> **Exercise aim**
Please repeat exactly the lines below from the line with "a picture of" to the line with "Nakilat Launches 2Nd", including both, and leave out every picture.

> **Records for this task**
===
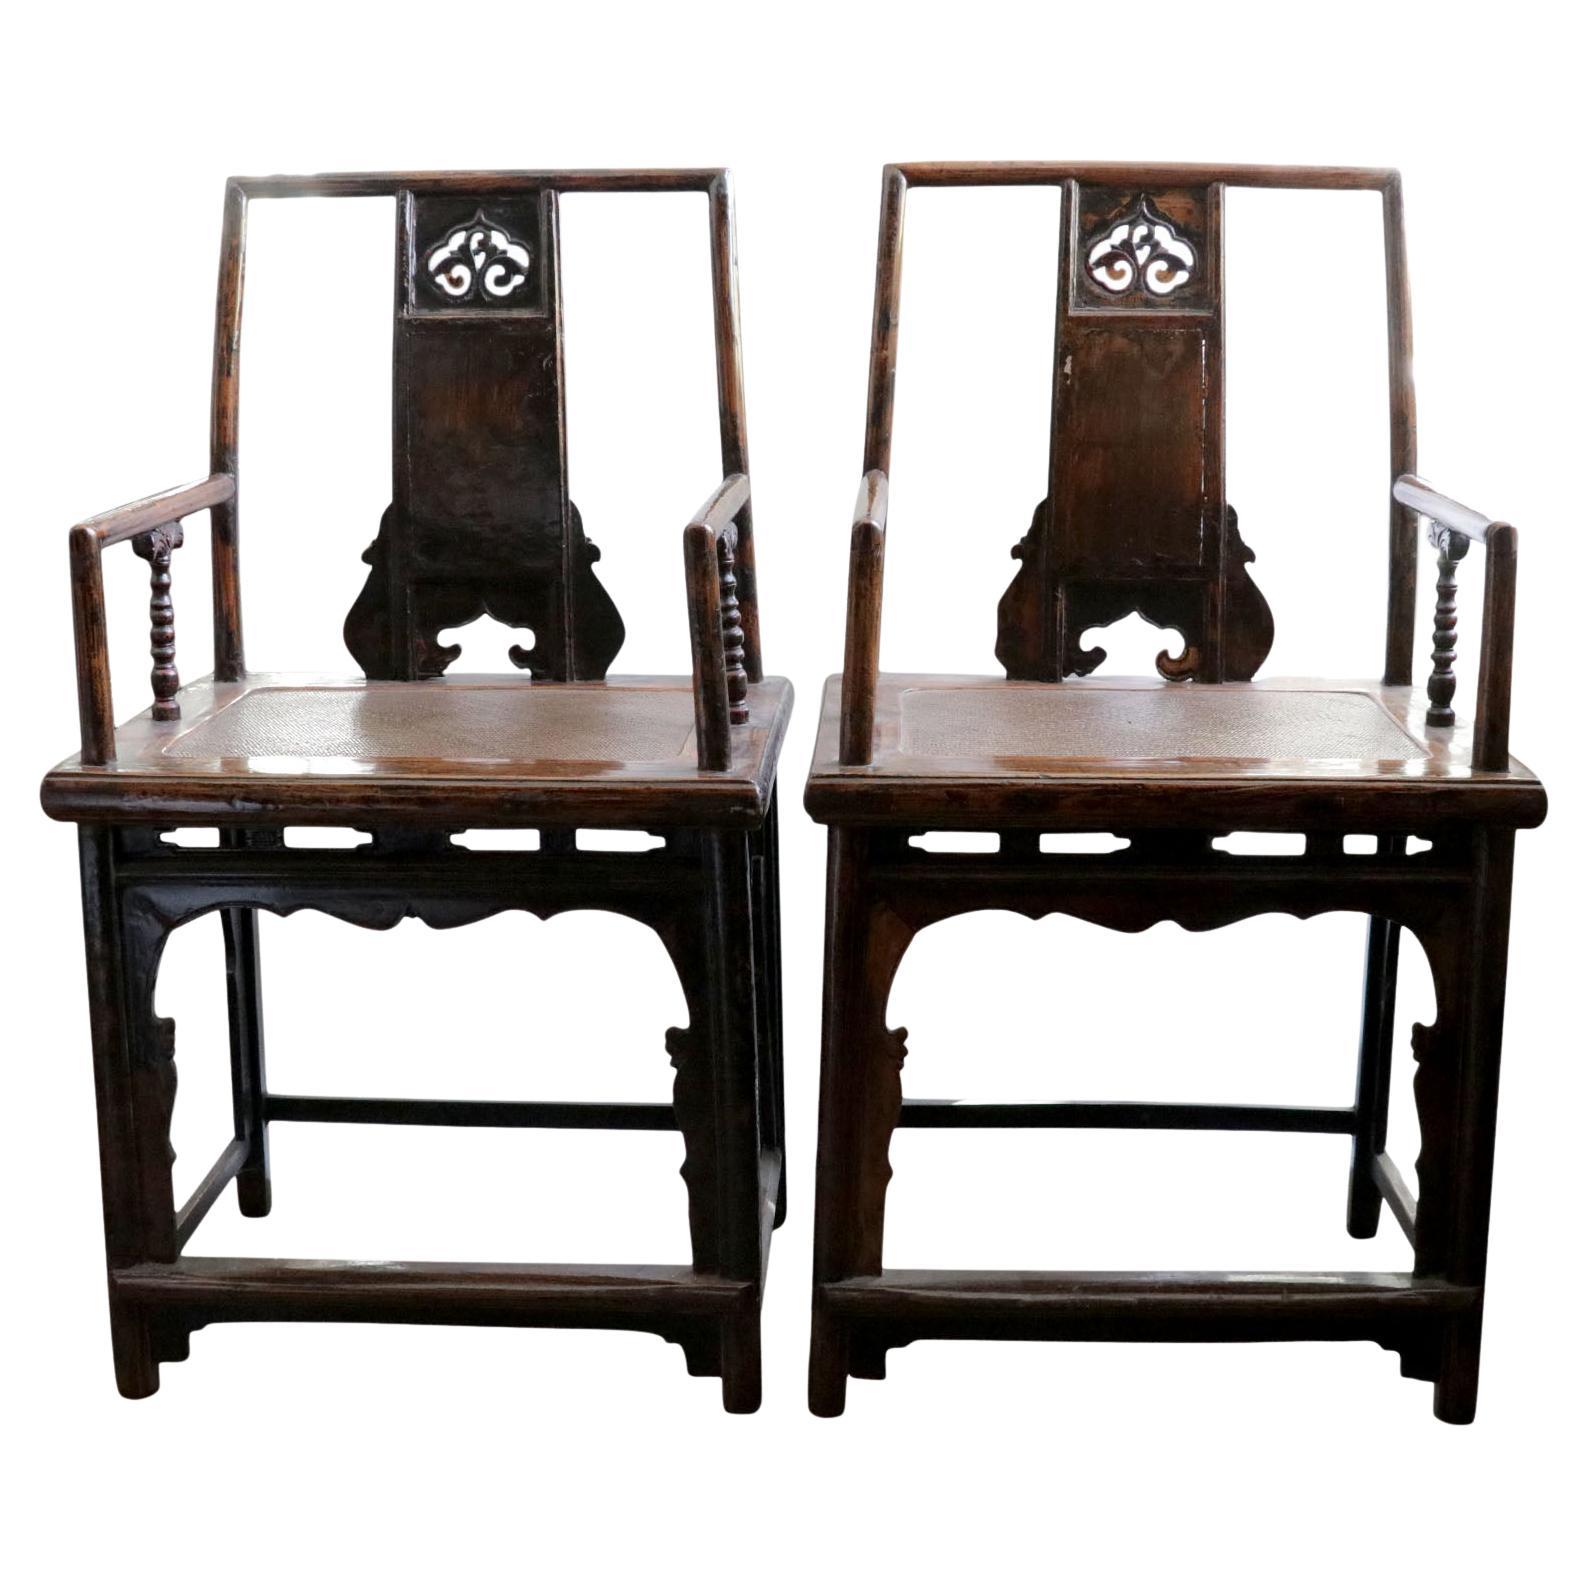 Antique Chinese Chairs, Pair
===
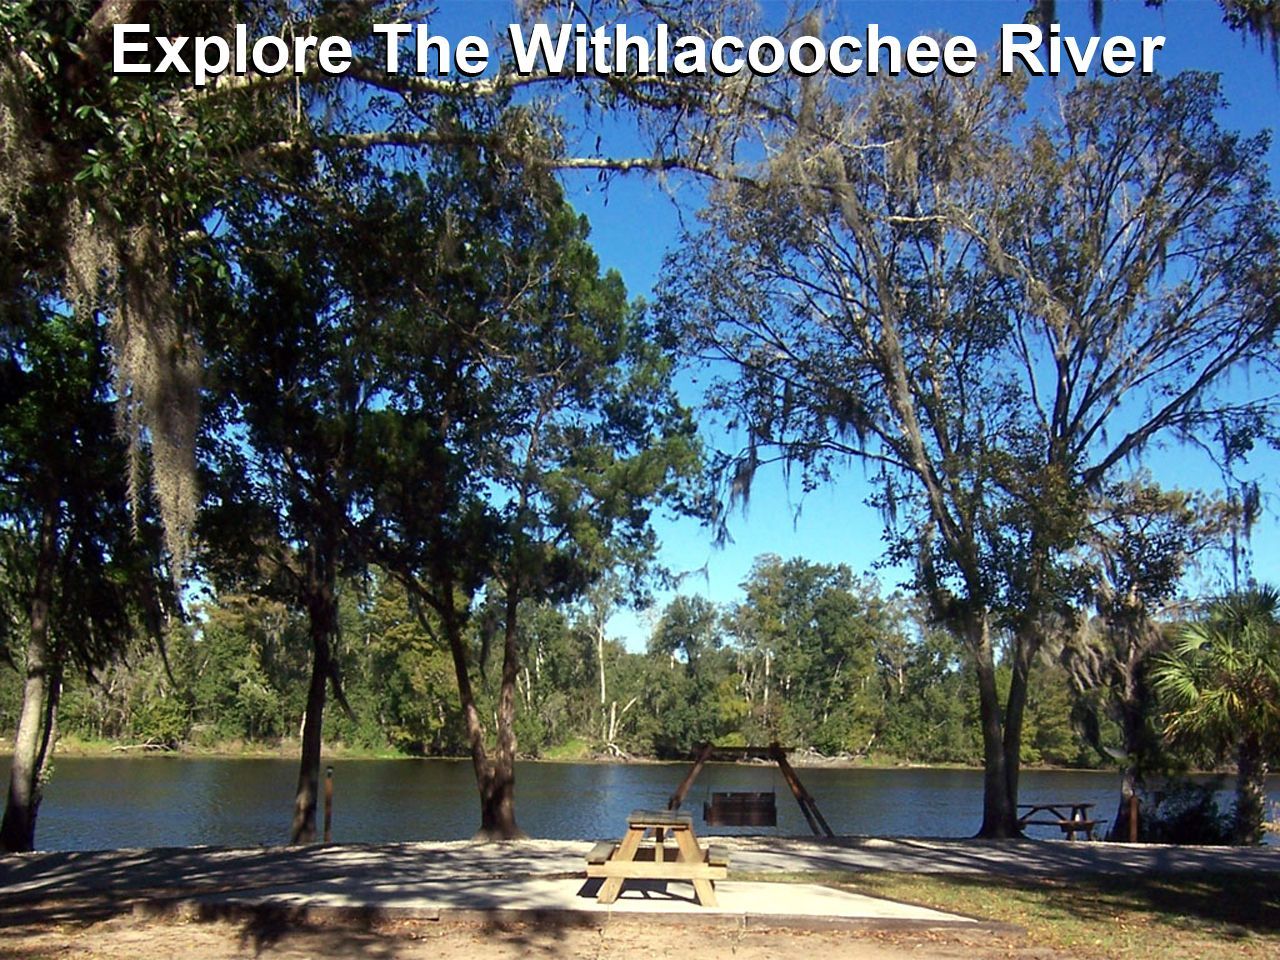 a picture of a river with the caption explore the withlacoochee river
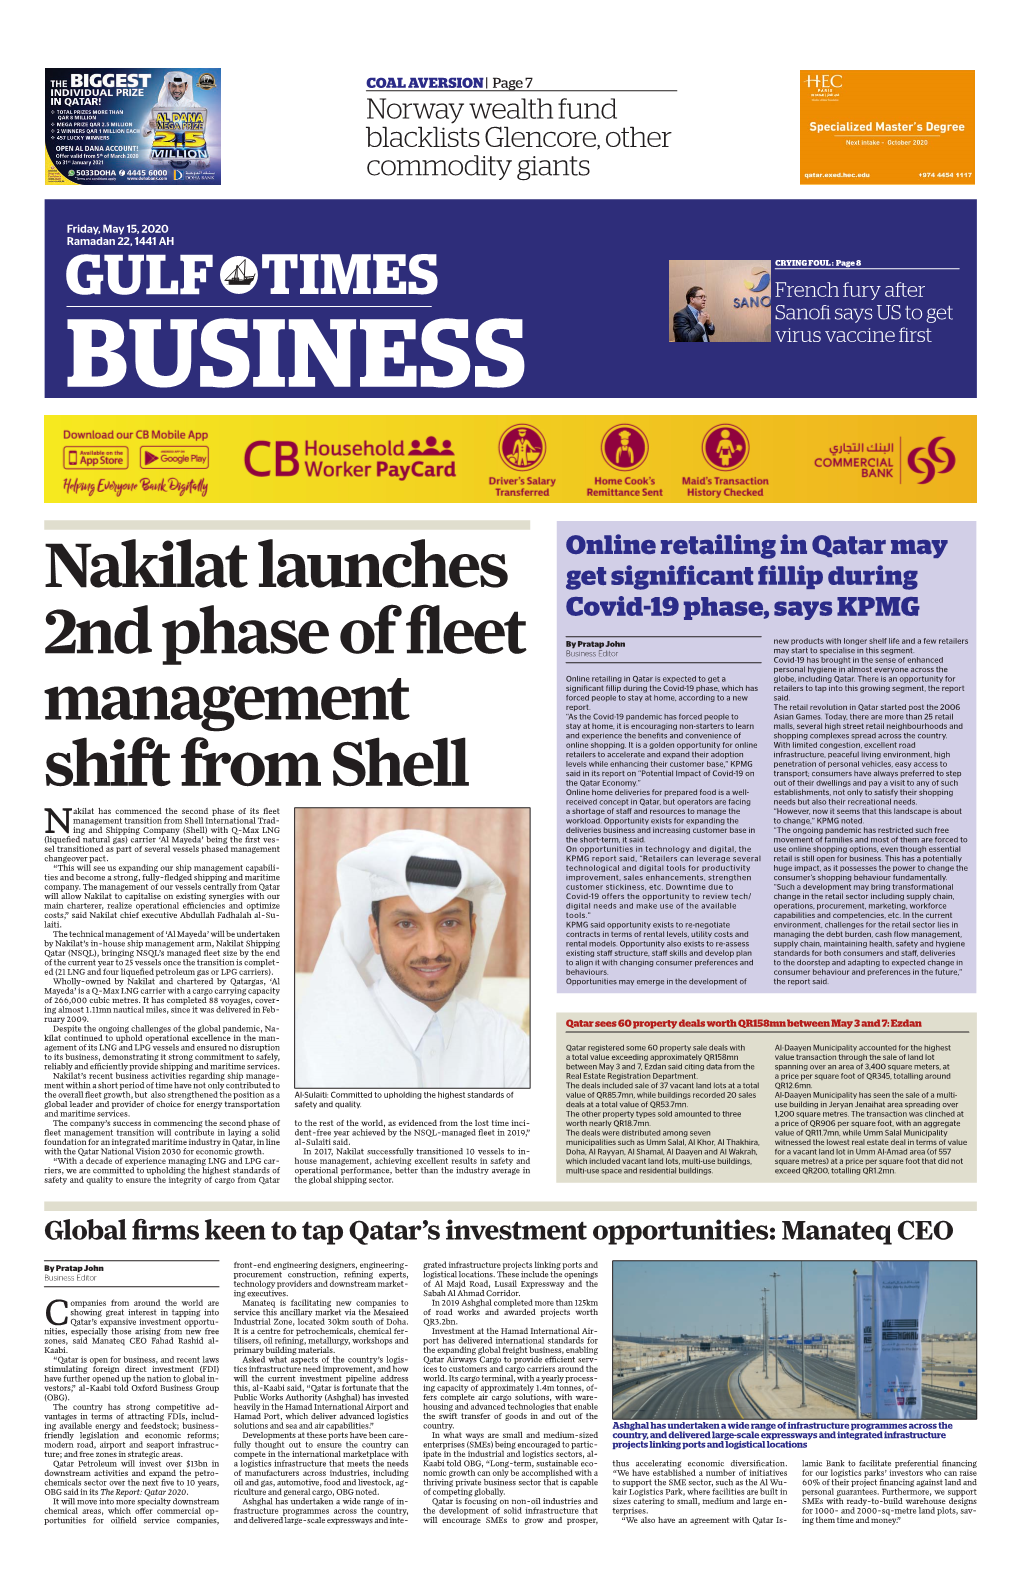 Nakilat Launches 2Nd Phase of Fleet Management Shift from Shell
===
> **Task result**
 a picture of a river with the caption explore the withlacoochee river
 Nakilat Launches 2Nd Phase of Fleet Management Shift from Shell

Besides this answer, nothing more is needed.